Todd Alexander

AMProtection Shares TechSandBox Pitch Fest Prize

PhD students develop product for preventing catheter-related infections
January 05, 2017

PhD students Todd Alexander and Lindsay Lozeau have developed an antimicrobial coating that could present a safer, more cost-effective way for medical facilities to prevent infections.

As if winning the Foisie Business School Hitchcock Innovation Prize this past spring wasn’t enough, the innovation recently shared first prize in the student category of the TechSandBox Pitch Fest competition, and $750 to help bring the product to market. Sharing the prize was another start-up team, DropZoneforVeterans, from Babson College.

Pitch parent

Hopkinton start-up incubator TechSandBox offers space and a wide network of support and resources for innovators, and 2016 marked the fourth year for its Pitch Fest competition, where a panel of judges decides which project pitch holds the most promise, offering cash prizes.


Todd Alexander

Together, Alexander (who is working on a graduate degree in innovation and entrepreneurship in biomedical engineering) and Lozeau (in chemical engineering) have found a way to prevent infections that can be caused by medical devices. Their research targets urinary catheters, specifically. 

It’s this specificity—focusing on just urinary catheters and not all medical devices—that helped distinguish their product, AMProtection, says Barbara Finer, CEO of TechSandBox.

“We don’t get that many revolutionary, hard-science start-ups that are trying commercialize something” in Pitch Fest, she says. “It can be hard to commercialize, hard science … it takes a lot of brain cells and expense.” Focusing on a niche market, in this case, urinary catheters, is smart, and an approach many entrepreneurs don’t take, according to Finer.

“Many want to boil the ocean,” and keep things too general, she says. In this case, their more targeted focus likely contributed to Alexander and Lozeau winning the day.

Bacteria, beware

Alexander says that there are several main points that make the AMProtection antimicrobial coating a valuable product in the healthcare industry.

In general, use of medical devices makes patients more susceptible to infection because bacteria can become attached to them.

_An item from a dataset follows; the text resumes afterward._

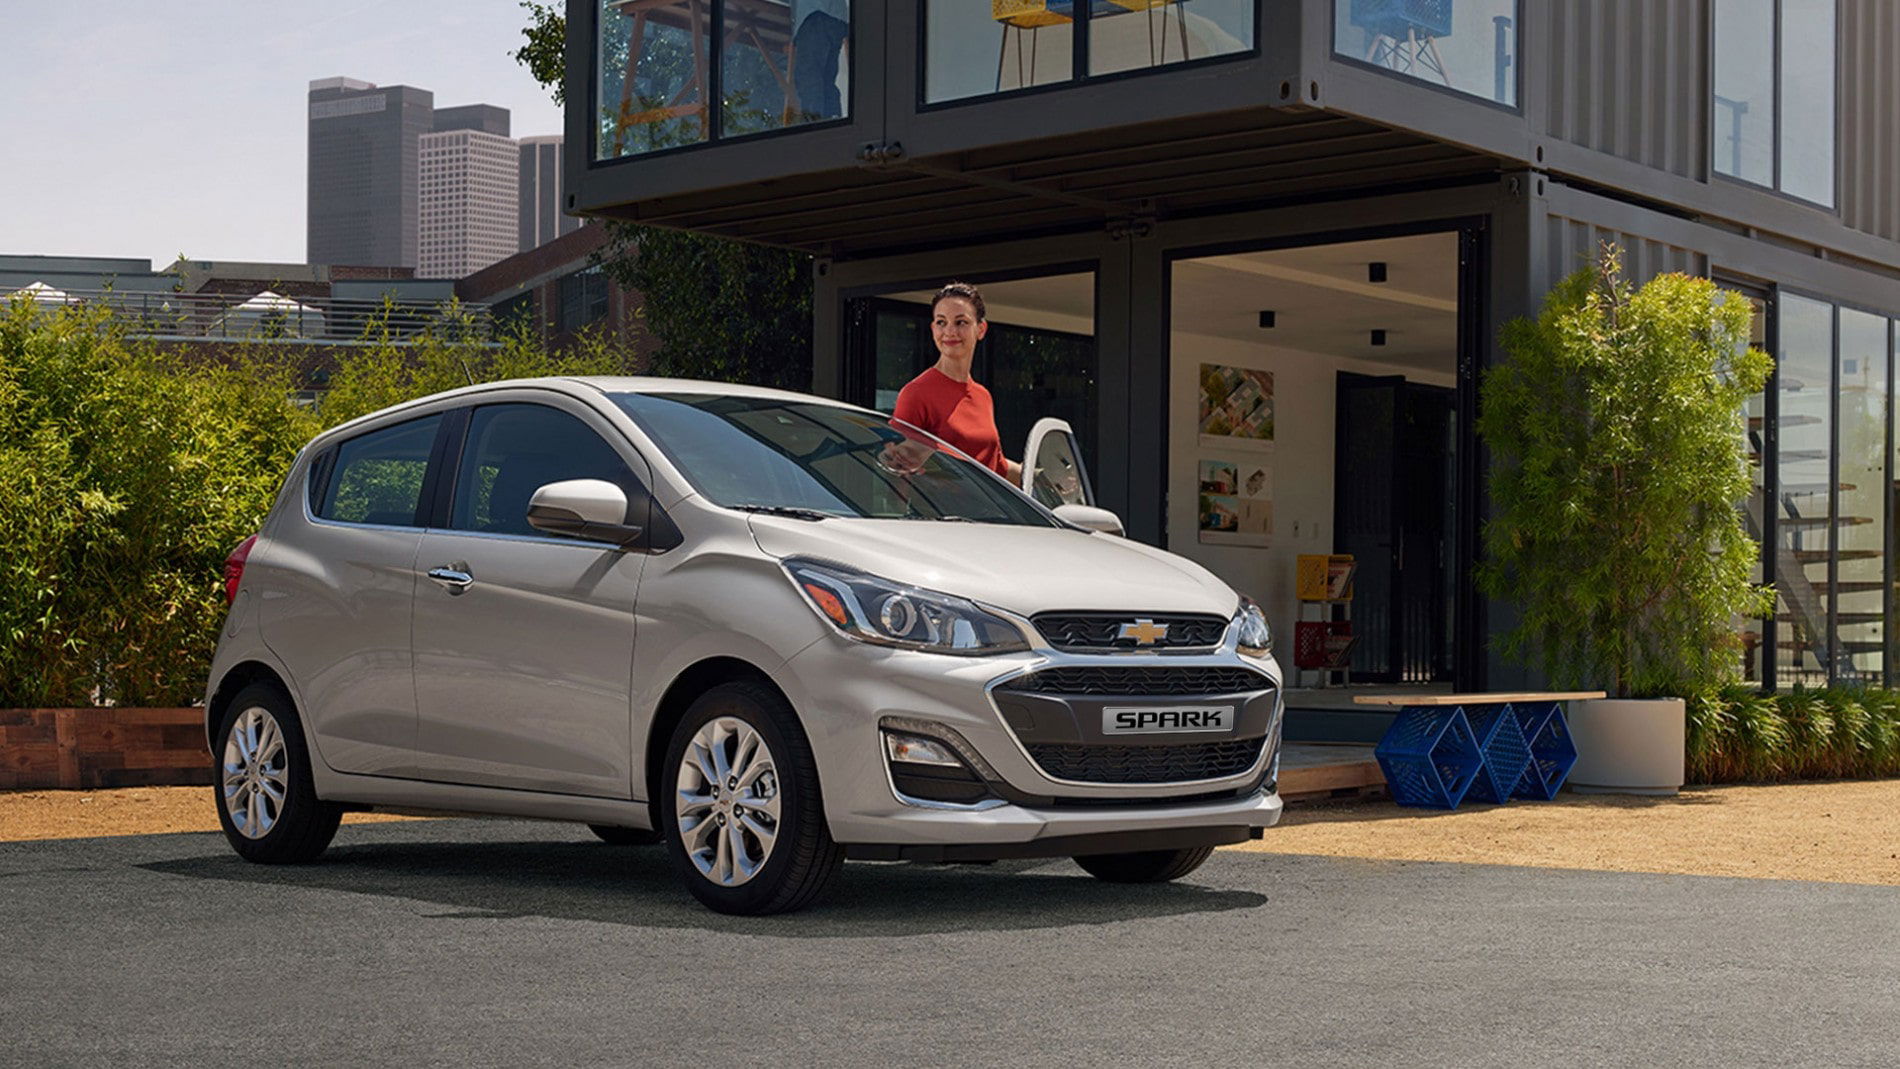 Best cars for college students - Chevrolet Spark.
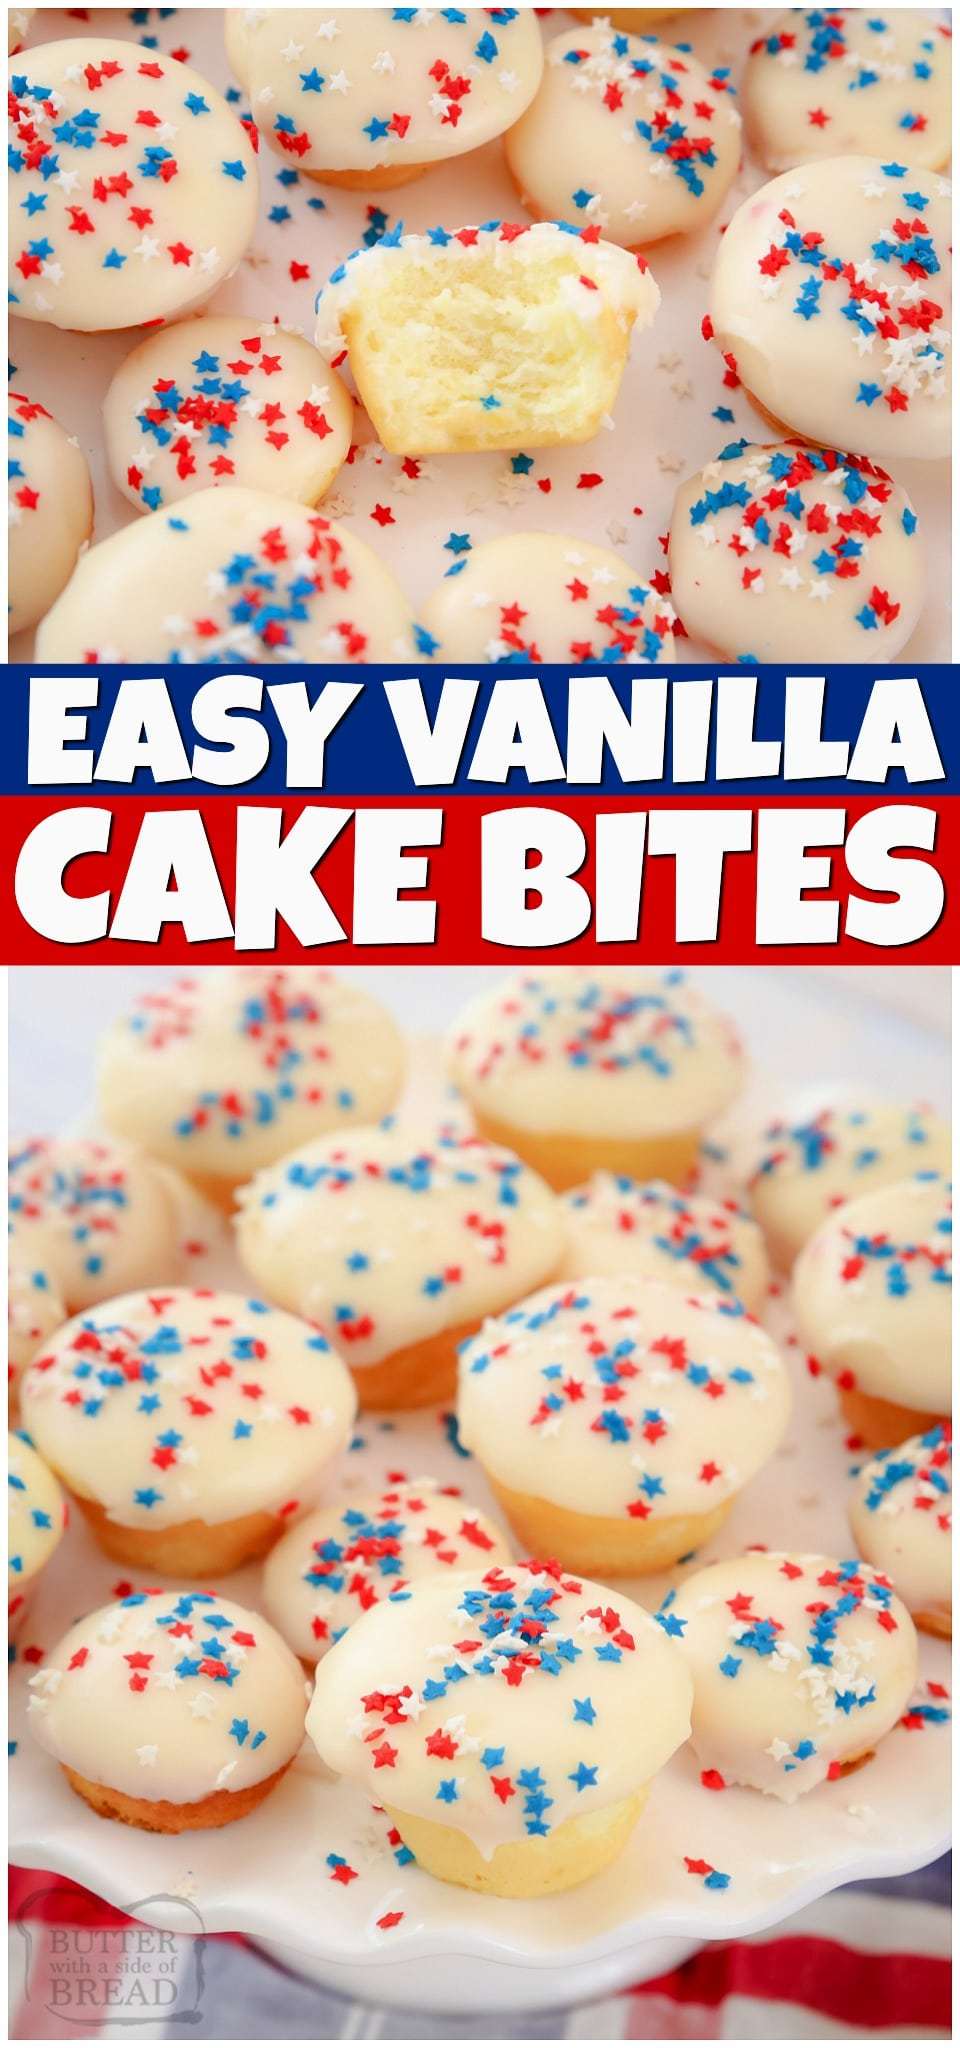 Easy Patriotic Vanilla Cake Bites are simple glazed bite-sized treats that are so easy to make! Super cute & beyond tasty, these vanilla cake bites will be the hit of your 4th of July party! #cake #cupcakes #patriotic #redwhiteblue #4thofJuly #dessert #baking #festive #recipe from BUTTER WITH A SIDE OF BREAD

And even with treatment, antibiotic resistance can lead to infections not being healed as quickly as they should, he says.

Additionally, “Current treatments are based on release from the device surface,” Alexander points out, “and a lot of them have toxic effects,” such as silver. “With our system, the active agent is covalently bound, preventing infection from happening while staying on the surface.”

"We are attracting more and more of these hard-problem, B2B solutions. … It’s neat when some of these get more attention.” -Barbara Finer

This concept of keeping infections from occurring in the first place will save patients undue discomfort and hospitals from spending additional money to detect these infections — which can be difficult to do in urinary catheters, says Alexander.

Cases of urinary catheter infections also affect hospital statistics, he says, and potentially lead to Medicare or Medicaid funding cuts.


Lindsay Lozeau

“It would be really hard for any hospital in the bottom 25 percent to recover from that,” adds Lozeau.

Both Alexander and Lozeau are IGERT (Integrative Graduate Education and Research Traineeship) Fellows, and came to the original concept behind AMProtection about two years ago, after winning a National Science Foundation I-Corps grant. Since then, and with the help of dean of graduate studies and professor of chemical engineering Terri Camesano and Todd Keiller, director of Intellectual Property and Innovation at WPI, the project has evolved into a limited liability corporation, or LLC.

Next steps

AMProtection will now apply for a Small Business Innovation Research (SBIR) grant, hopefully to get $150,000 from the government for more research and product improvement, says Alexander. A high-fidelity prototype will be built, and benchtop tests conducted.

With a successful Phase 1, Phase 2 brings a higher chance of grants and funding, says Lozeau, and involves collecting letters of support from potential licensees and reaching out to angel investors.

As for Finer, the latest TechSandBox Pitch Fest had more science-related entries like AMProtection than ever before, a trend she’d love to see continue.

The start-up world tends to see a lot of software ventures, she says, with Boston getting a lot of app and game development innovation. “In Central Mass., we are attracting more and more of these hard-problem, B2B solutions. … It’s neat when some of these get more attention.”